Let’s suppose that thread 1 finishes the assignment in Line 1 before thread 0. What happens when it reaches the while statement in Line 2? If you look at the while statement for a minute, you’ll see that it has the somewhat peculiar property that its body is empty. So if the test flag != my rank is true, then thread 1 will just execute the test a second time. In fact, it will keep re-executing the test until the test is false. When the test is false, thread 1 will go on to execute the code in the critical section

x = x + y.

Since we’re assuming that the main thread has initialized flag to 0, thread 1 won’t proceed to the critical section in Line 3 until thread 0 executes the statement flag++. In fact, we see that unless some catastrophe befalls thread 0, it will eventually catch up to thread 1. However, when thread 0 executes its first test of flag != my rank, the condition is false, and it will go on to execute the code in the critical section x = x + y. When it’s done with this, we see that it will execute flag++, and thread 1 can finally enter the critical section.

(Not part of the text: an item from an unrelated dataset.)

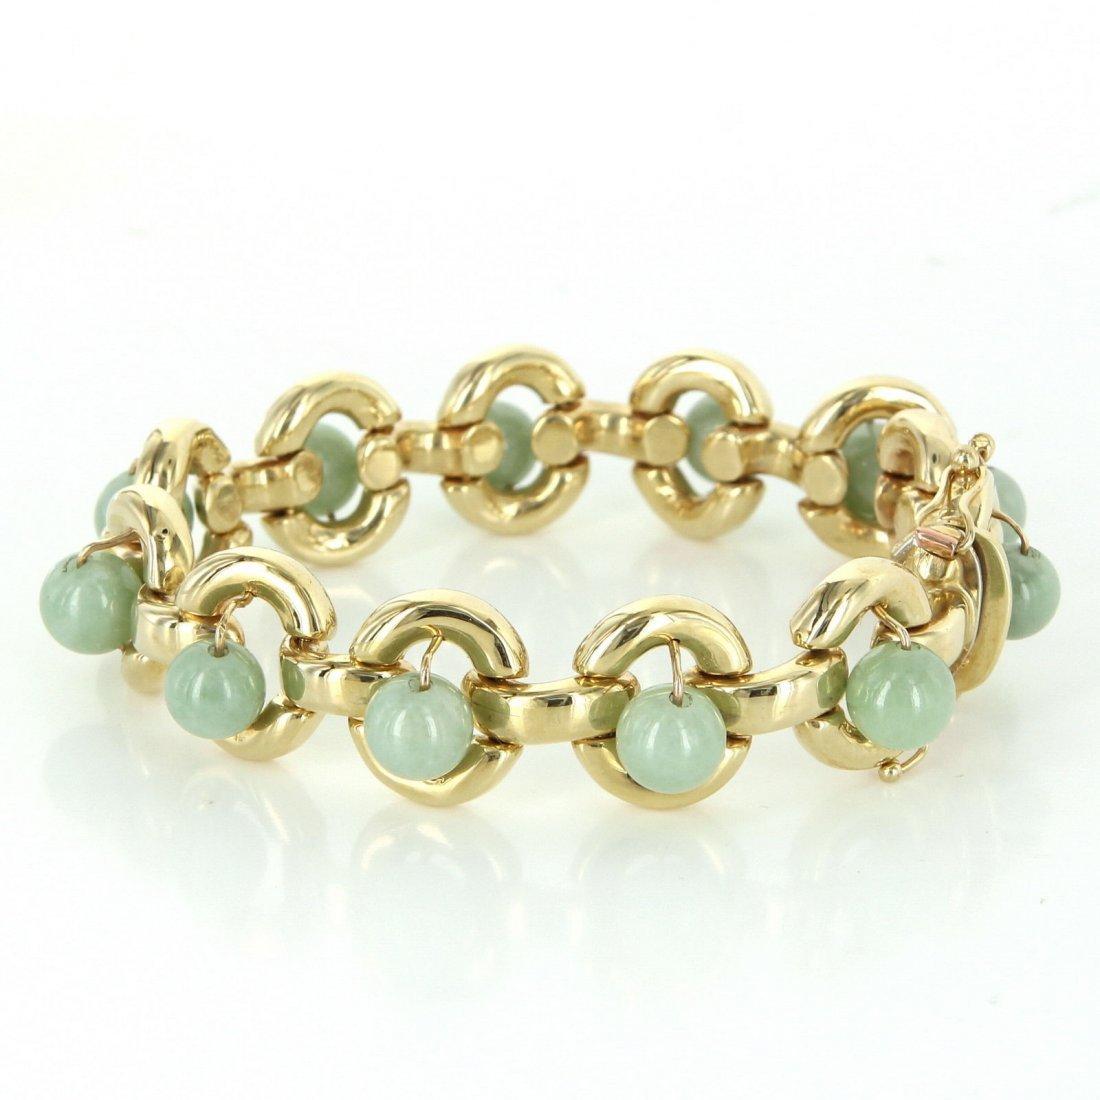 Vintage Jade Round Link Bracelet Heavy 14k Yellow Gold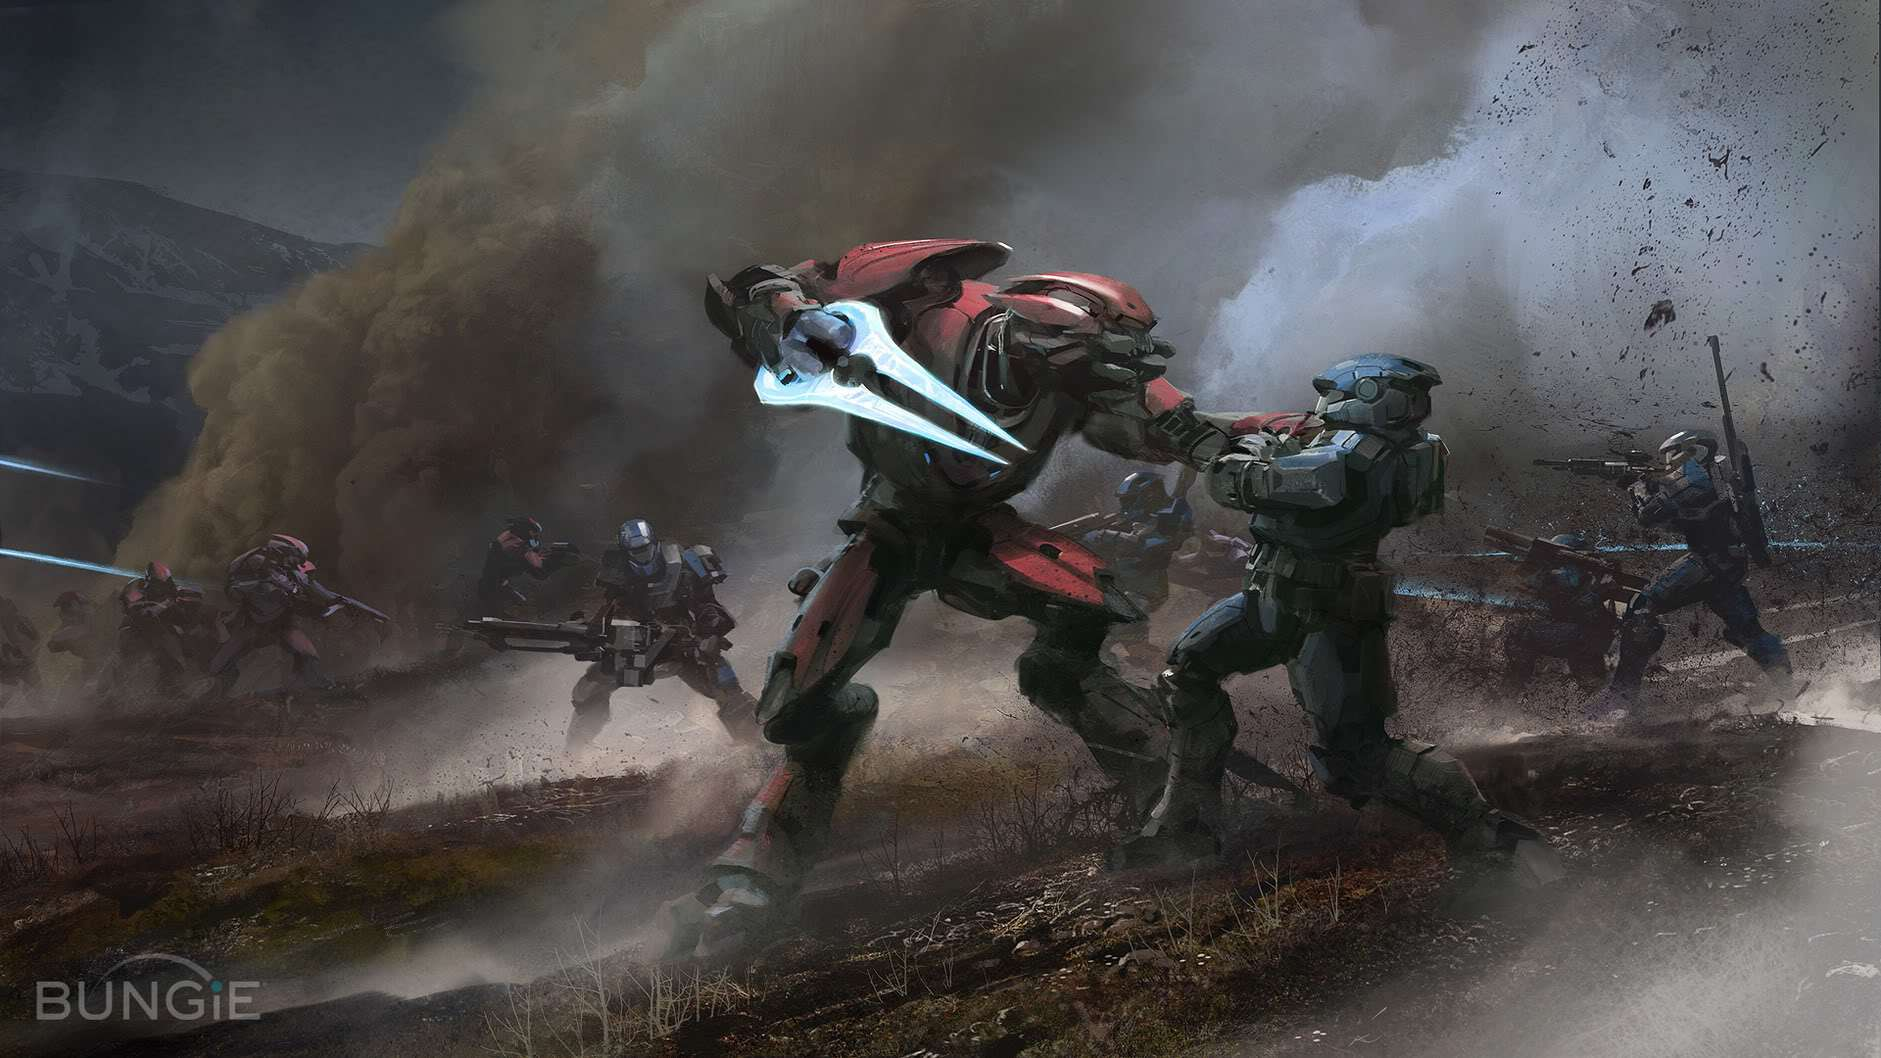 Halo: Reach infiltrates Gears 5 screenshot

The key here is that thread 1 cannot enter the critical section until thread 0

has completed the execution of flag++. And, provided the statements are executed exactly as they’re written, this means that thread 1 cannot enter the critical section until thread 0 has completed it.

The while loop is an example of busy-waiting. In busy-waiting, a thread repeat-edly tests a condition, but, effectively, does no useful work until the condition has the appropriate value (false in our example).

Note that we said that the busy-wait solution would work “provided the statements are executed exactly as they’re written.” If compiler optimization is turned on, it is possible that the compiler will make changes that will affect the correctness of busy-waiting. The reason for this is that the compiler is unaware that the program is multithreaded, so it doesn’t “know” that the variables x and flag can be modified by another thread. For example, if our code

y = Compute(my_rank); while (flag != my_rank); x = x + y;

flag++;

is run by just one thread, the order of the statements while (flag != my rank) and x = x + y is unimportant. An optimizing compiler might therefore determine that the program would make better use of registers if the order of the statements were switched. Of course, this will result in the code

y = Compute(my_rank); x = x + y;

while (flag != my_rank); flag++;

which defeats the purpose of the busy-wait loop. The simplest solution to this problem is to turn compiler optimizations off when we use busy-waiting. For an alternative to completely turning off optimizations, see Exercise 4.3.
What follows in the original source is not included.